I typically ask my husband how his day went when he comes home from work and the other day he said, “Well, we got inventory done.” It took me by surprise that the last day of the month already was upon us and in this case, it also was the last day of the year and decade. (I start counting with zero.)

The thought was a triple slap in the face. It’s the end, or more to the point, a completion, of a month, of a year and a decade, and what have I done? Where did the time go? Oh my gosh, I have a hard time remembering what I did in November, much less 2011. But if I had an inventory record, I would be able to see in a flash the highlights of the months and years. For my family, 2019 will definitely go down as the year we bought a mountain log-cabin. But there have been many, many important experiences along the way that I am sure I would have to think hard to remember.

I don’t think it’s that our memories get poor as we get old, but rather that they get overloaded with the sheer volume of memories over a lifetime, like a computer that’s out of RAM. That maybe a little supercilious of me, but I think it’s true. Have you noticed how the year – summer – used to stretch on and on forever when you were 5- or 6-years old but now it zips by before you know it? Have you noticed that it seems to take forever to travel to somewhere, but half the time to return home? The are-we-there-yet syndrome only seems to apply when you’re going to grandma and grandpa’s house, not when you’re coming home. I think this is our brain adapting. It’s new going to; been-there-done-that going home. While every event in our lives is new and unique, I think our brain starts to skip over somethings that we’ve done over and over -walk the dog, try a new recipe, have coffee with a friend. Each day we do the same things, but each day is new and unique.

The other evening I took Titan, our Collie/Husky 3-year-old dog, for a walk and we saw animal tracks in the new snow. Tracks! In our neighborhood and around our mailbox! We followed them all around the block. They are cottontail tracks and they make walking Titan a bit more interesting. Will I remember this in five years? In 10? I suspect (hope) our immediate and extend family will have some big, big moments in the next 10 years – marriages and babies – and I don’t know how tracks in the snow are going to stay in the memory cells.

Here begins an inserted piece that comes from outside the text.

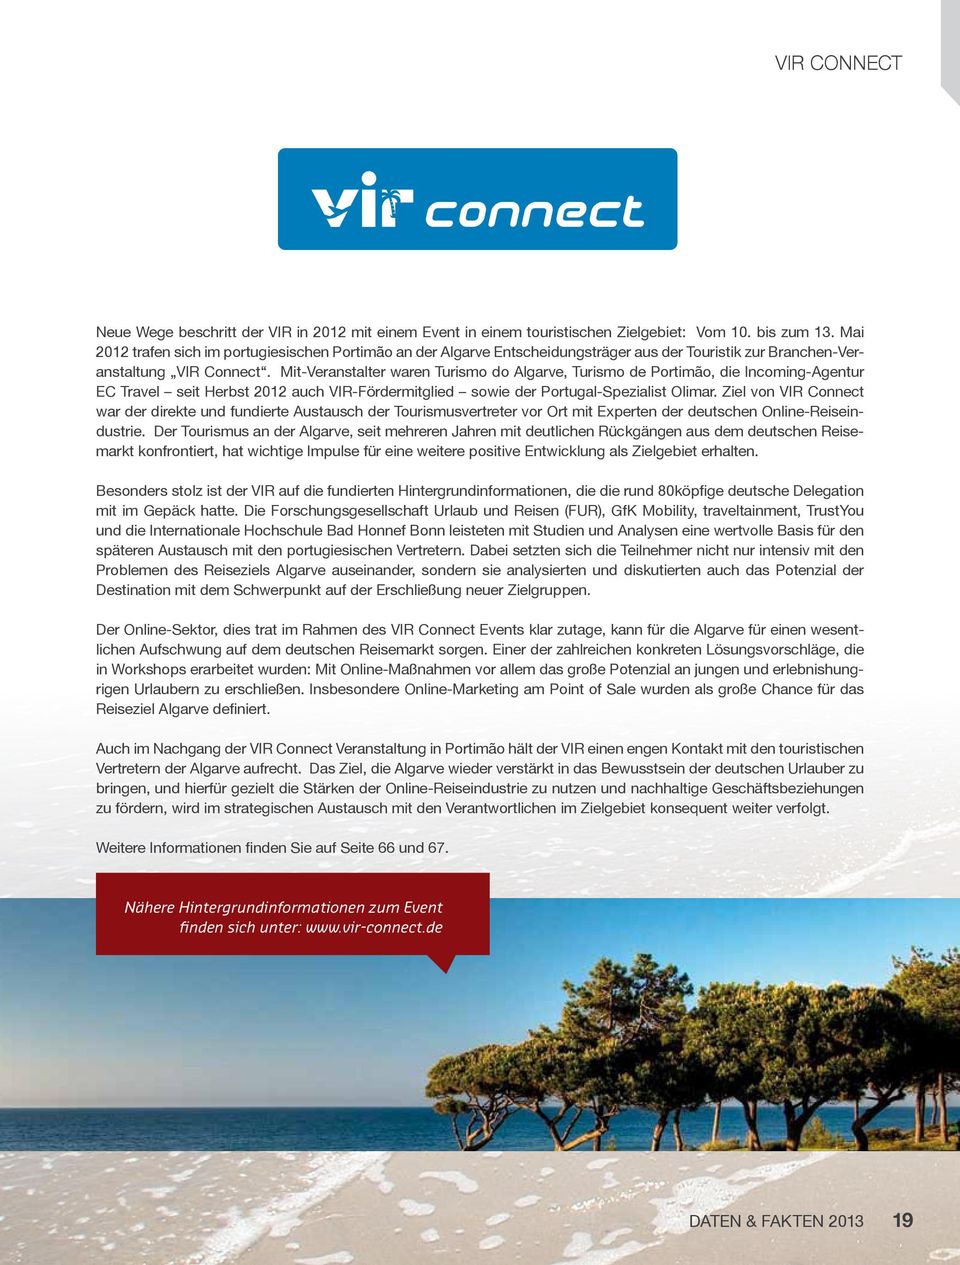 Mit-Veranstalter waren Turismo do Algarve, Turismo de Portimão, die Incoming-Agentur EC Travel seit Herbst 2012 auch VIR-Fördermitglied sowie der Portugal-Spezialist Olimar.

So, I’ve decided to keep a personal inventory. A written inventory will be like putting it the experience of seeing tracks in the snow on a memory stick or flash drive. I try to keep a date planner (love to buy them!) and keeping a journal should be right up my ally, but I can’t seem to stay consistent with it after the first couple weeks or months. I’m hoping to have better luck with an inventory. This isn’t an original idea. Benjamin Franklin advocated taking 15 minutes of reflection time a day to review what happened the day past and set goals for the day forth coming. I’ve done that – for a year (it was a part of my employment expectations) – and it seemed like I was in the past or in the future, but rarely in the moment. I hope by stretching it out to a month that there will be more time to enjoy life, as well as review and plan it.

I hope you rang in the New Year with joy and happiness and that it stays with you throughout the coming days and months.